No sé quien lo acuñó. Parece difusa la atribución. Hay quien
se remonta al Siglo de Oro; otros, se quedan más cercanos, en el XVIII. Lo
cierto es que alguien lo lanzó a los cuatro vientos. “De Madrid al cielo”.
Desde entonces procuro hacerlo bueno, aunque me quede con el cielo más cercano,
o sea con el terrenal.
Madrid amaneció gélido. Es decir, menos cero grados. Lo
decían los termómetros, el hombre del tiempo y el vientecillo que daba en la
cara. Tampoco vamos a pedir, en la mediación de febrero, una media docena de
abanicos. No; que no.
Nos citamos – dónde si no se pueden citar tres catetos en Madrid - en Cibeles. Por
cierto sigue en obras el Ayuntamiento y la
fachada con el cartel para fastidiar a los turistas que buscan la foto: “Refugees welcome”, como si los refugiados
quisieran la cartelería para algo. Y, digo yo ¿y si se le diera Justicia?
Después, la cita era obligada porque Paco –ah, que no lo he
dicho, los citado éramos Paco, Salustiano y el que suscribe – nos iba a
explicar la exposición de Clara Peeters que para mí era una perfecta
desconocida. ¡Qué poco sé, Dios mío!
El Prado, además, tenía otras tres magnas exposiciones
temporales: Metapintura, un viaje a la idea
del arte; Maestro Mateo, y Ribera.
Que a uno, un licenciado en arte lo lleve de la mano por ese bosque… No hay
palabras.
Luego, porque Paco es así de generoso, nos llevó a La Bola.
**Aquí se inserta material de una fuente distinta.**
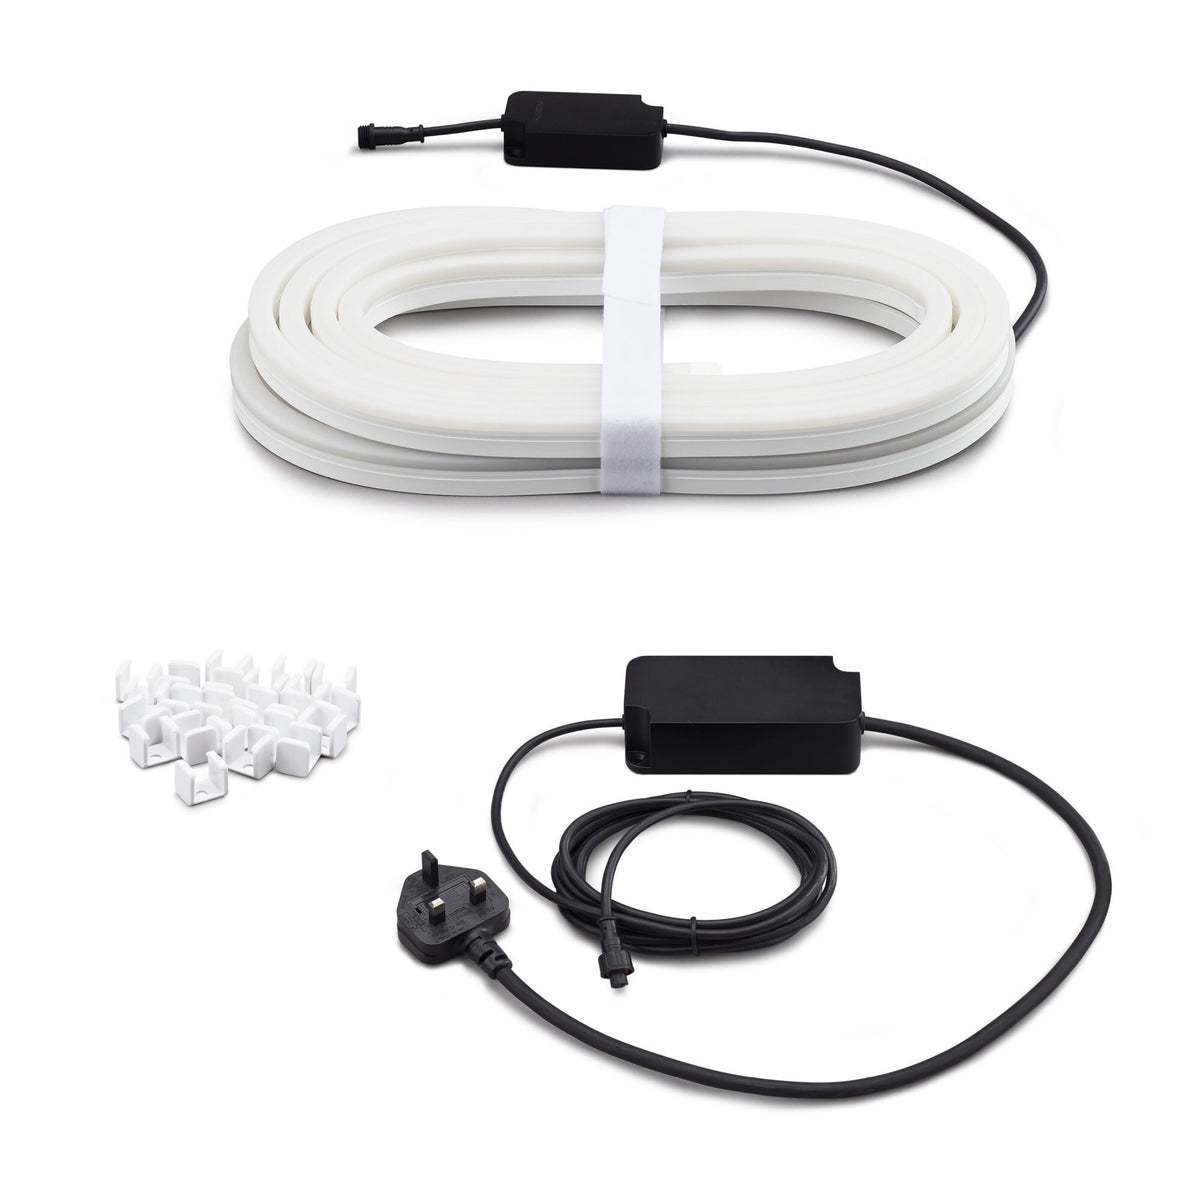 Philips Hue Outdoor Lighstrip (5 Metre) - White and colour ambience

Santo y seña del cocido. Ríanse de aquel cocidito madrileño que cantaba Pepe
Blanco en los años cincuenta del siglo pasado. Templo de la gastronomía para un
día de invierno. Como ven la devoción hay que conservarla siempre. De colesterol - ¡mira que hemos…! - y de esas cosas, no hemos
hablado. ¿para qué va uno a entretenerse en menudencias?
A media tarde. Cada mochuelo, a su olivo. Queda una cita
pendiente. Ahora serán ellos los que tirarán millas. Ya saben el mar, el mar azul de Ulises sigue ahí llevando
espumas de nácar al rebalaje… Ya me entienden.